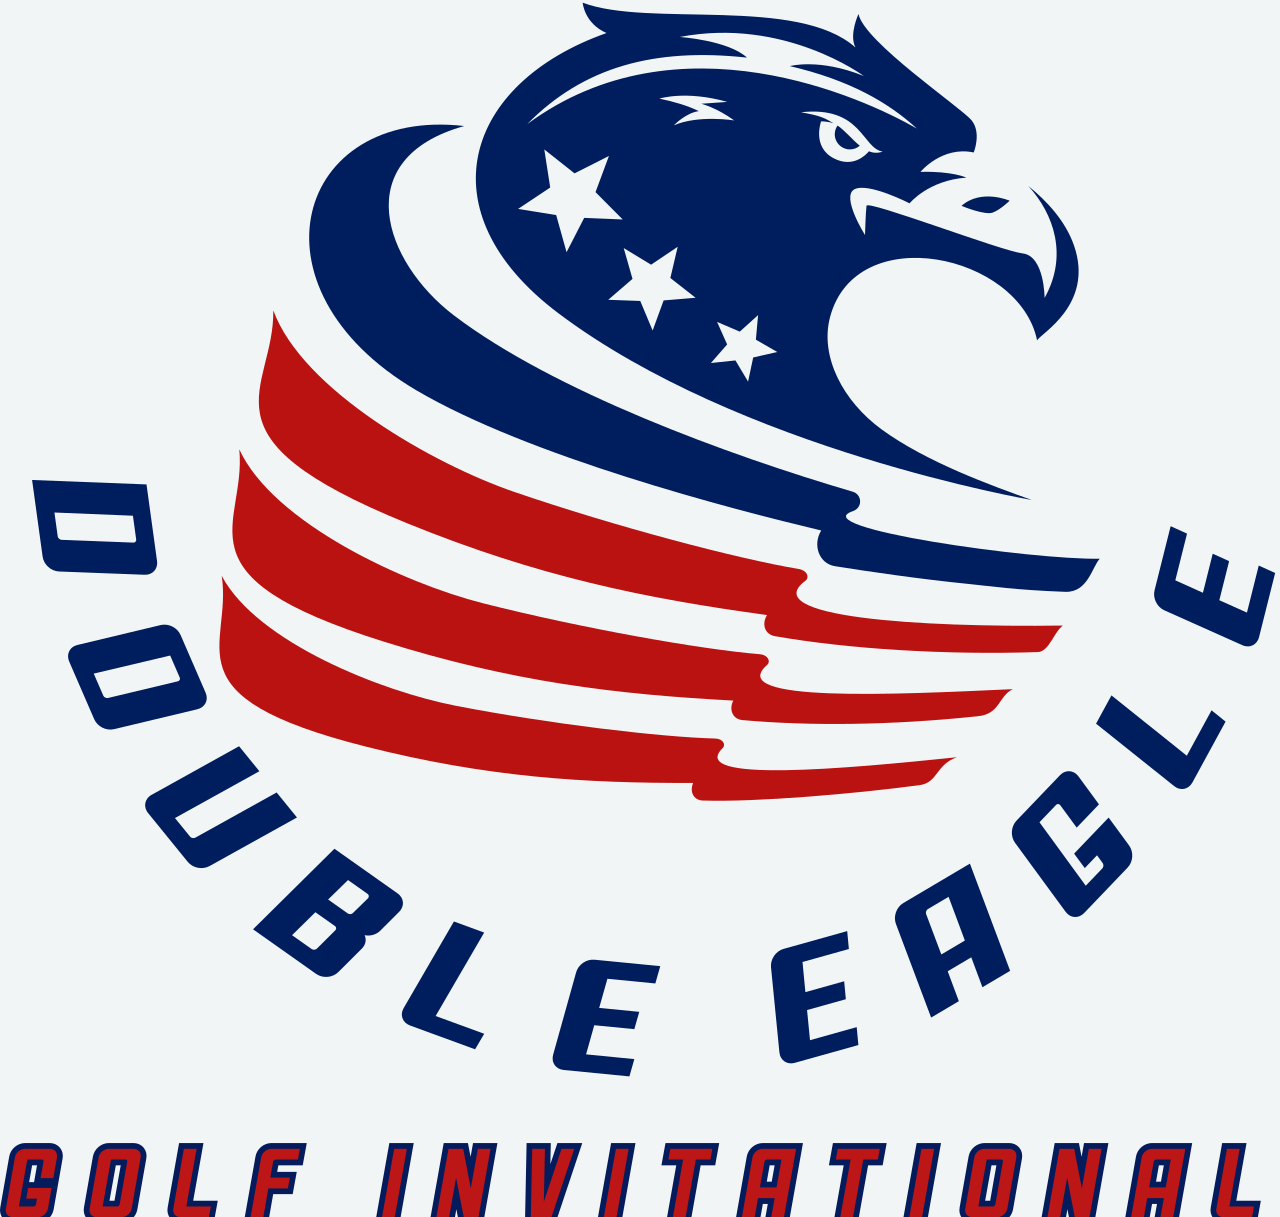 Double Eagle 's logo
_ _ _ _ _
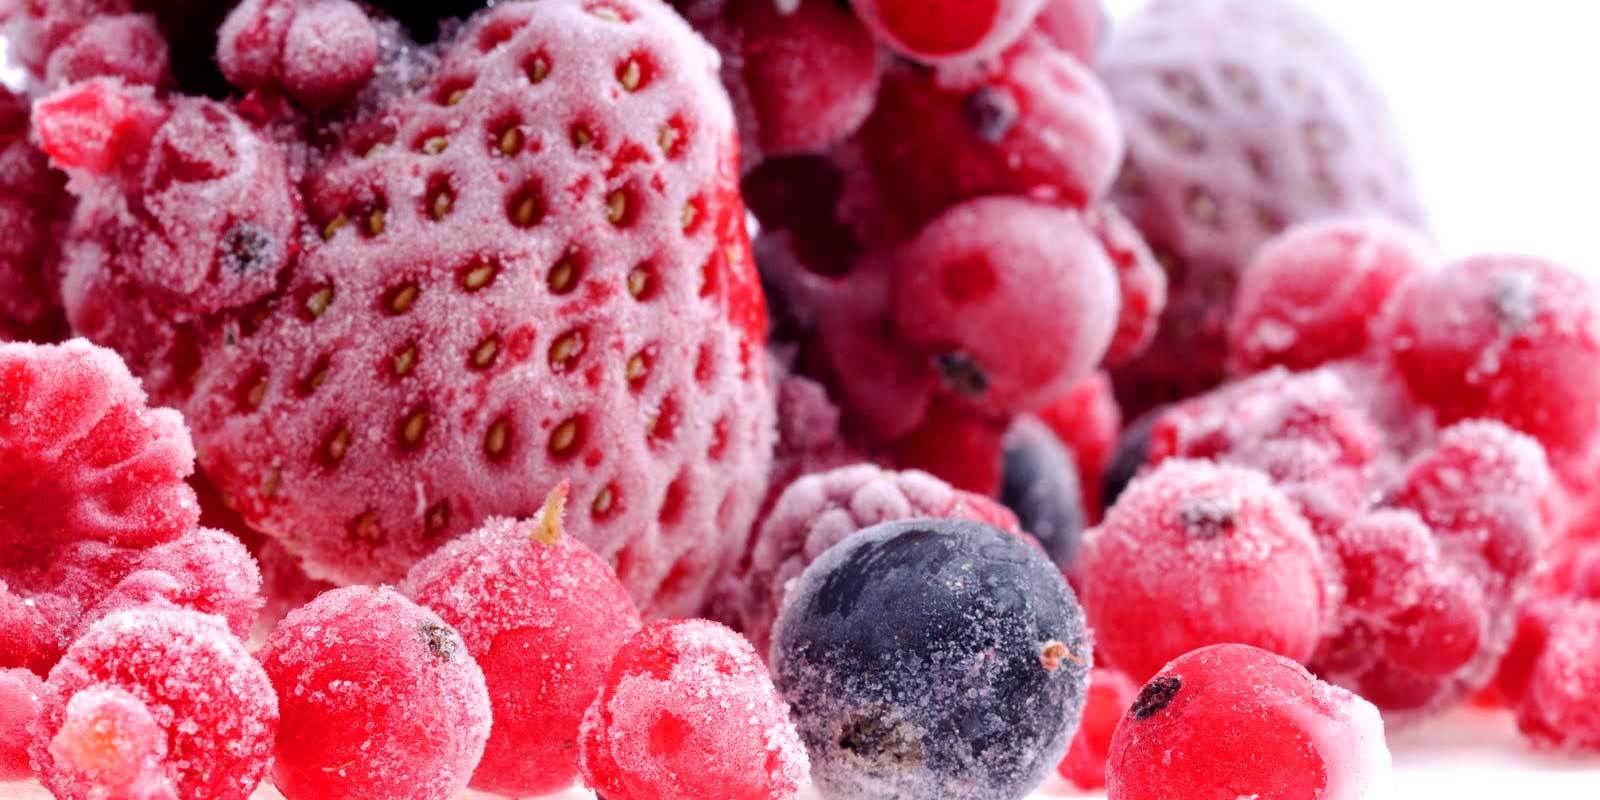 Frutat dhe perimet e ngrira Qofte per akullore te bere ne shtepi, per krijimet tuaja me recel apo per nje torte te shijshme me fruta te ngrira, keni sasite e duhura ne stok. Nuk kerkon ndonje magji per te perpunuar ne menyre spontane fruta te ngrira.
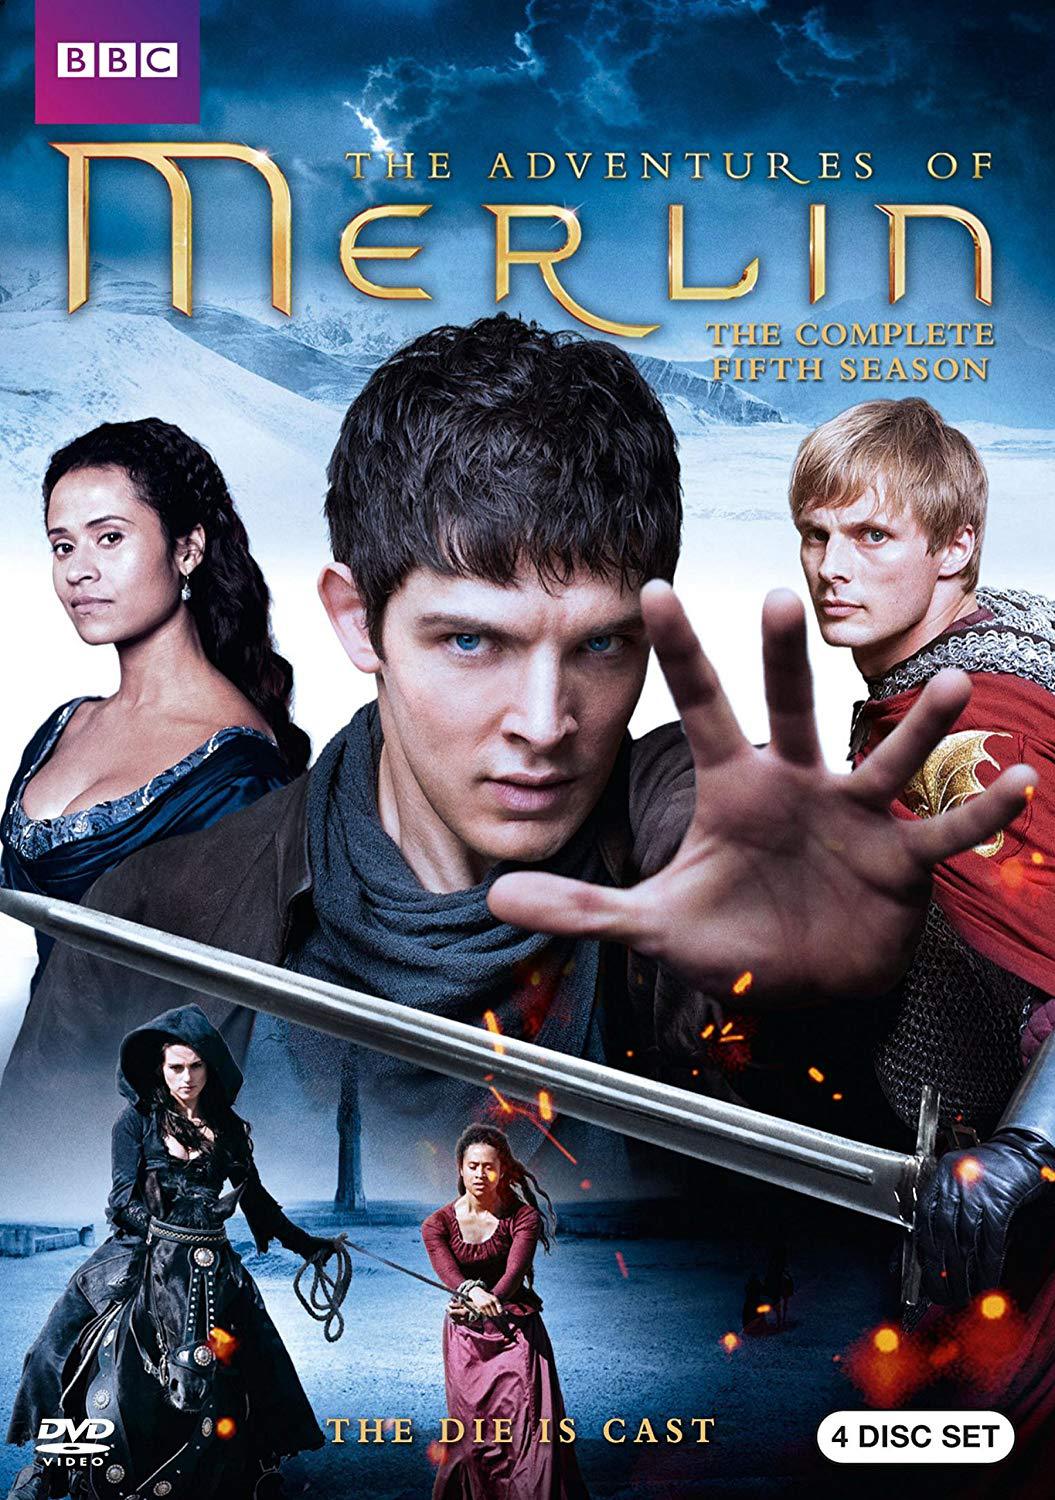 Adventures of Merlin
_ _ _ _ _
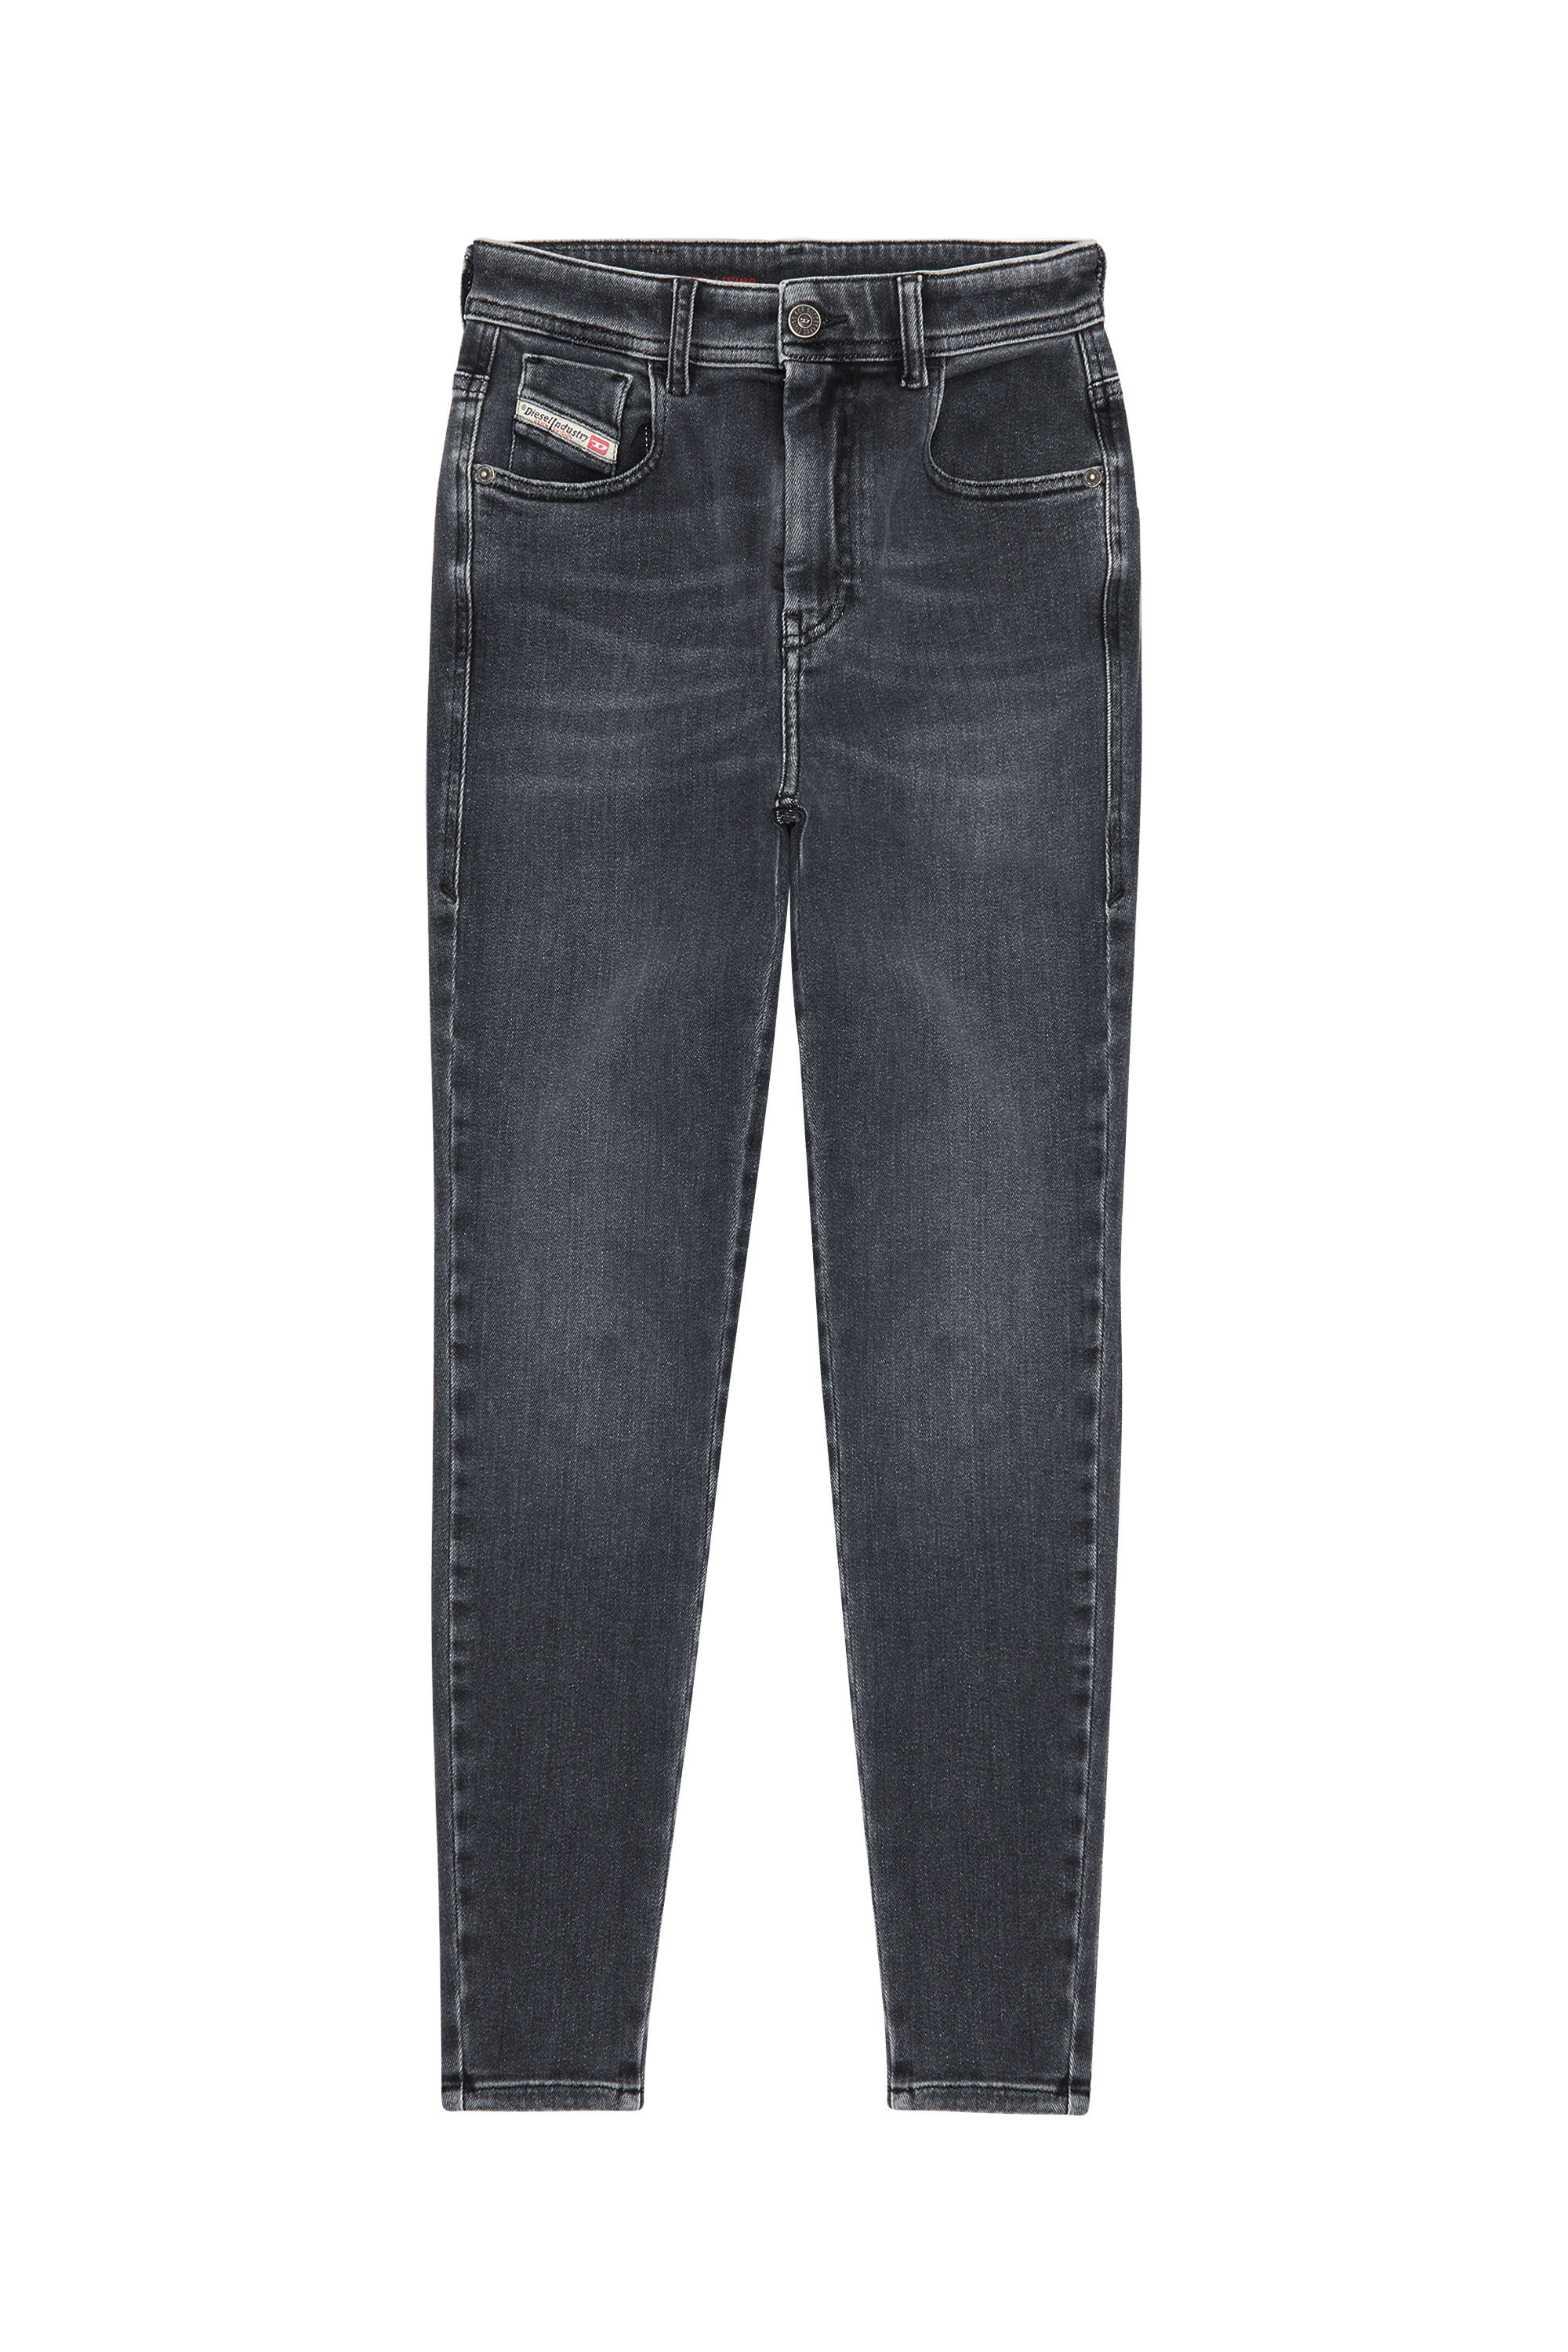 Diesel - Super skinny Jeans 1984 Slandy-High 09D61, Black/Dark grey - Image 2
_ _ _ _ _
- Task to carry out
From the listing above, please give again the lines that begin with the line holding "Frutat dhe perimet" and go on through the line holding "Adventures of Merlin", exactly, both ends included, minus any picture.

- Written response
 Frutat dhe perimet e ngrira Qofte per akullore te bere ne shtepi, per krijimet tuaja me recel apo per nje torte te shijshme me fruta te ngrira, keni sasite e duhura ne stok. Nuk kerkon ndonje magji per te perpunuar ne menyre spontane fruta te ngrira.
 Adventures of Merlin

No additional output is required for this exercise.